Of course it’s not really his company. Tesla (TSLA - Free Report) belongs to the shareholders, of which Musk is only one of many, though he does own the single largest chunk of shares – roughly 20% of the company.

He’s also no longer Chairman of the Board, thanks to a settlement with the SEC in which he agreed to relinquish that role after his infamous “funding secured” tweet.

It remains clear however, that the direction of Tesla as well as the culture that exists inside the company is still primarily controlled by the iconoclastic visionary who took the company from a niche electric car manufacturer to one of the biggest automakers in the world.

It was precisely that culture that was mentioned as the principal reason for the departure of Tesla general council Dane Butswinskas on Wednesday. After just two months in the GC role, the DC-based attorney will return to his role as partner at Williams and Connolly – the firm that also acts as Tesla’s outside council.

Butswinskas cited a “poor cultural fit” as a factor in his decision to leave, though he will continue working with the company in as outside counsel. He will be replaced by Jonathon Chang, who has worked in several roles in Tesla’s legal department for over seven years.

It’s the latest in a series of executive exits at Tesla over the past few years that included the senior VP of engineering, the head of human resources, and the CFO three times in the past three years – including the same person twice when Deepak Ahuja retired, returned to the CFO role after the departure of Jason Wheeler, then retired again earlier this year.

Often, investors see a pattern of executive departures as a sign that something is seriously wrong with the management or operations inside a company that the public isn’t aware of yet. Watching the crew bail off the sides of a ship Is a clue that it may be sinking.

That’s not the case at Tesla, however. There are no accounting irregularities, OSHA violation issues or legal problems. Paradoxically, Butswinskas’ resignation is actually confirmation of that. If a relative outsider accepted the General Counsel position and then left two months later, an observer might surmise that he became aware of dubious legal practices and decided he didn’t want to be a party to them.

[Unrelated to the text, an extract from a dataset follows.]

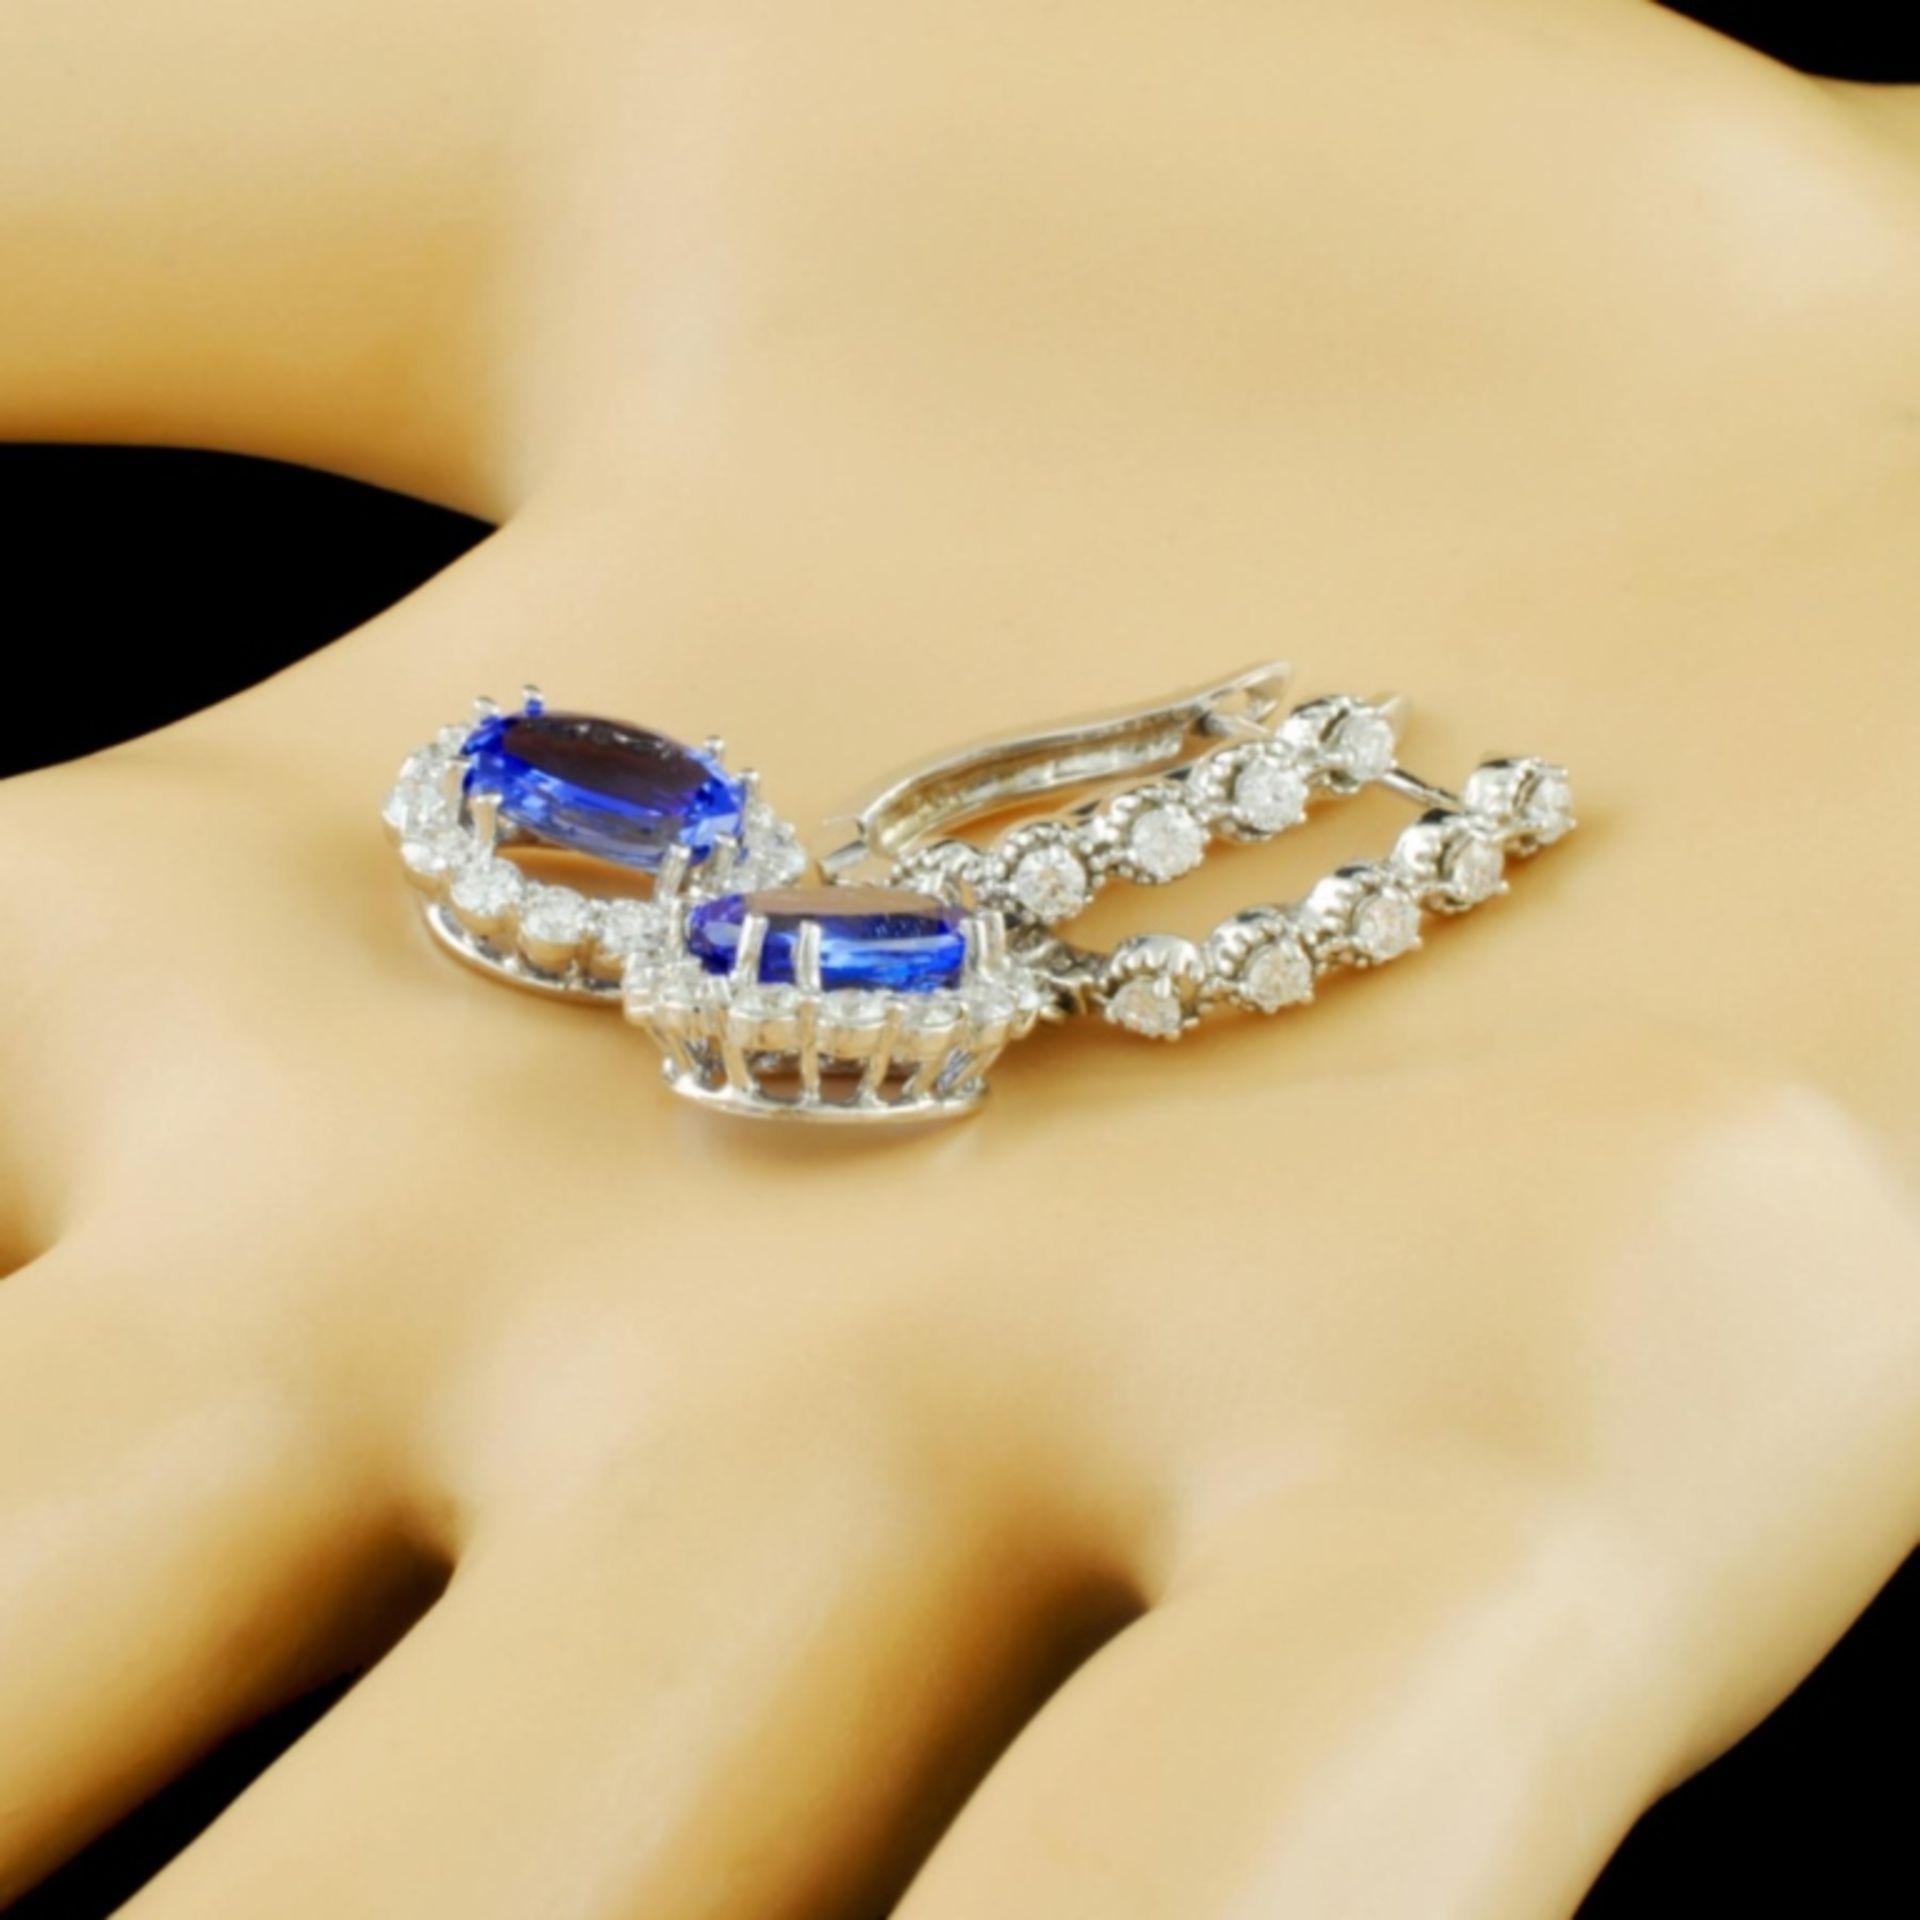 14K Gold 4.00ct Tanzanite & 1.50ctw Diamond Earrin - Image 2 of 3

Williams and Connolly has been employed by Tesla for several years, and Butswinkas was presumably intimately acquainted with the company’s legal strategies and issues long before he left the firm where he had spent the past 30 years to become Tesla’s general council. If there was anything amiss, he would have been amongst the first to know, well before he went to work there.

The problem instead seems to the constant demands of working for Musk. By all accounts, Tesla is not an environment where the phrase “I can’t…” is met with any sort of understanding. That’s exactly the philosophy that made Tesla’s improbable rise to mainstream automaker possible - even as similar competitors failed, and it doesn’t appear to have changed now that the company is producing more than 5,000 cars/week and has posted positive cash flows and net profits in two consecutive quarters for the first time in its history.

In fact, a high rate of turnover at Tesla is not only likely to be the norm going forward, it can actually be viewed as a positive indicator of progress. As the company continues to grow to 500,000 cars/year and beyond and pursues fully autonomous driving capabilities, Musk will continue to burn through talented individuals who eventually choose to take a breather from the torrid pace of change he demands.

When you see complacency in the C-suites at Tesla, with fat-and-happy executives hanging around to collect the spoils of their previous efforts, that’s the time to get worried.